Unfortunately, Web and Internet behavior do not conform to the normal distribution. As a result of intermixing long and short files, compressed video and acknowledgments, and retransmission timeouts, Internet performance has been shown to be heavy tailed with a right tail. (See Figure 2-5.) This means that a small but significant portion of the measurement data points will be much, much larger than the median.
Figure 2-5 Heavy-Tailed Internet Data
If you use just a few measurements to estimate an arithmetic average with a heavy-tailed distribution, the average will be very noisy. It's unpredictable whether one of the very large measurements will creep in and massively alter the whole average. Alternatively, you may be lulled into a false sense of security by not encountering such an outlying measurement (an outlier).
The situation for standard deviations is even worse because these are computed by squaring the distance from the arithmetic average. A single large measurement can therefore outweigh tens of thousands of typical measurements, creating a highly misleading standard deviation. It's mathematically computable, but worse than useless for business decisions. Use of arithmetic averages, standard deviations, and other statistical techniques that depend on an underlying normal distribution can therefore be quite misleading. They should certainly not be used for SLA contracts.
The geometric mean and the geometric standard deviation should be used for Internet measurements. Those measures are not only computationally manageable, they're also a good fit for an end-user's intuitive feeling for the "typical" measurement, psychologically. As an alternative, the median and eighty-fifth percentiles may be used, but they take more power to compute.
The geometric mean is the nth root of the product of the n data points. The geometric deviation is the standard deviation of the data points in log space. The following algorithm should be used to avoid computational instabilities:
Round up all zero values to a larger "threshold" value.
Take the logarithm of the original measurements (any base).
Perform any weighting you may want by replicating measurements.
Take the arithmetic mean and the standard deviation of the logarithms of the original measurements.
"Undo" the logarithm by exponentiating the results to the same base originally used.
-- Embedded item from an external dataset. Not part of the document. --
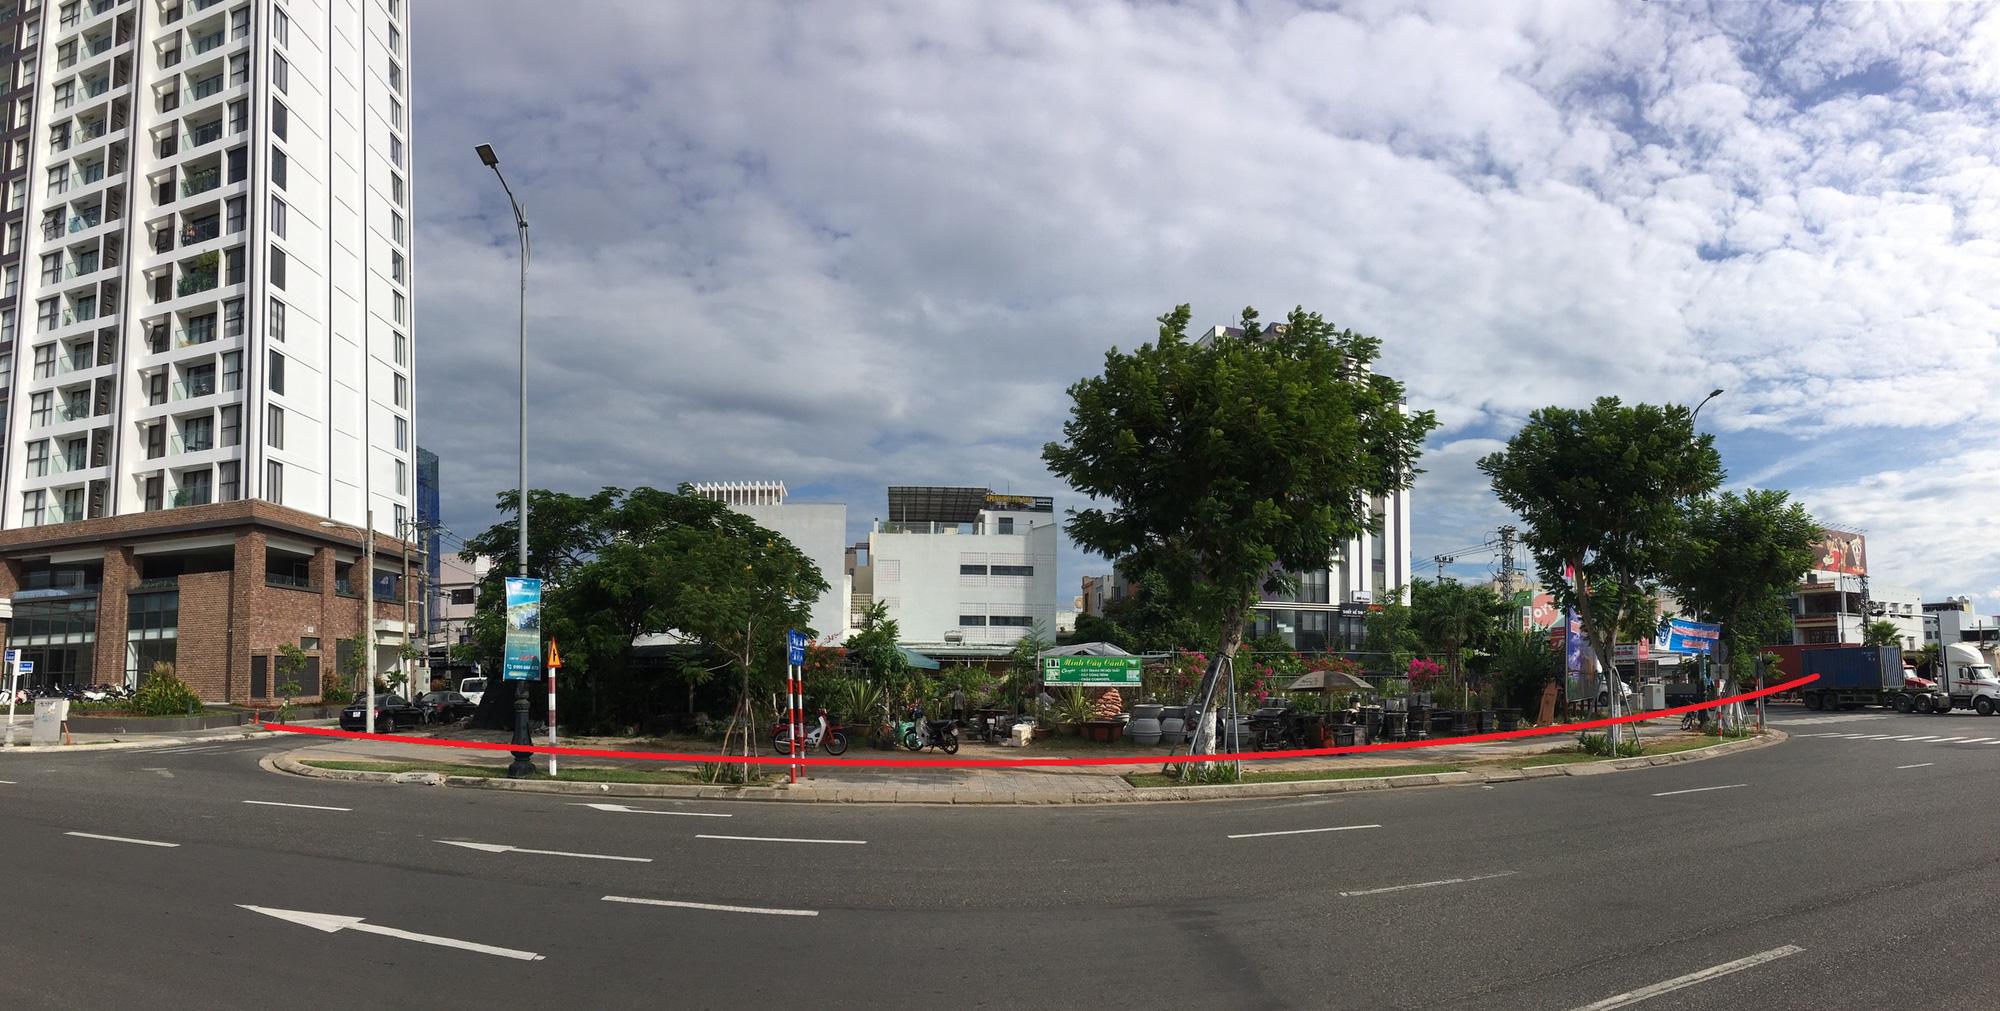 Cận cảnh hai khu đất mặt tiền đường Võ Văn Kiệt - Ngô Quyền, Đà Nẵng sẽ đấu giá xây dựng dự án cao 30 tầng - Ảnh 9.

Note that the geometric deviation is a factor; the geometric mean must be multiplied and divided by it to create the upper and lower deviations. Because of the use of logarithms, the upper and lower deviations are not symmetrical, as they are with a standard deviation in normal space. This is one of the prices you pay for the use of the geometric measures. Another disadvantage is that, as is also true for percentiles, you cannot simply add the geometric statistics for different measurements to get the geometric statistics for the sum of the measurements. For example, the geometric mean of (connection establishment time + file download time) is not the sum of the geometric means of the two components. Instead, each individual pair of data points must be individually combined before the computations are made.
These calculations of both the geometric mean and the geometric deviation, or the median and the eighty-fifth percentile, should be used for end-user response time specification. Using these statistics instead of conventional arithmetic averages or absolute maximums helps manage SLA violations effectively and avoids the expense of fixing violations that were caused by transient, unimportant problems.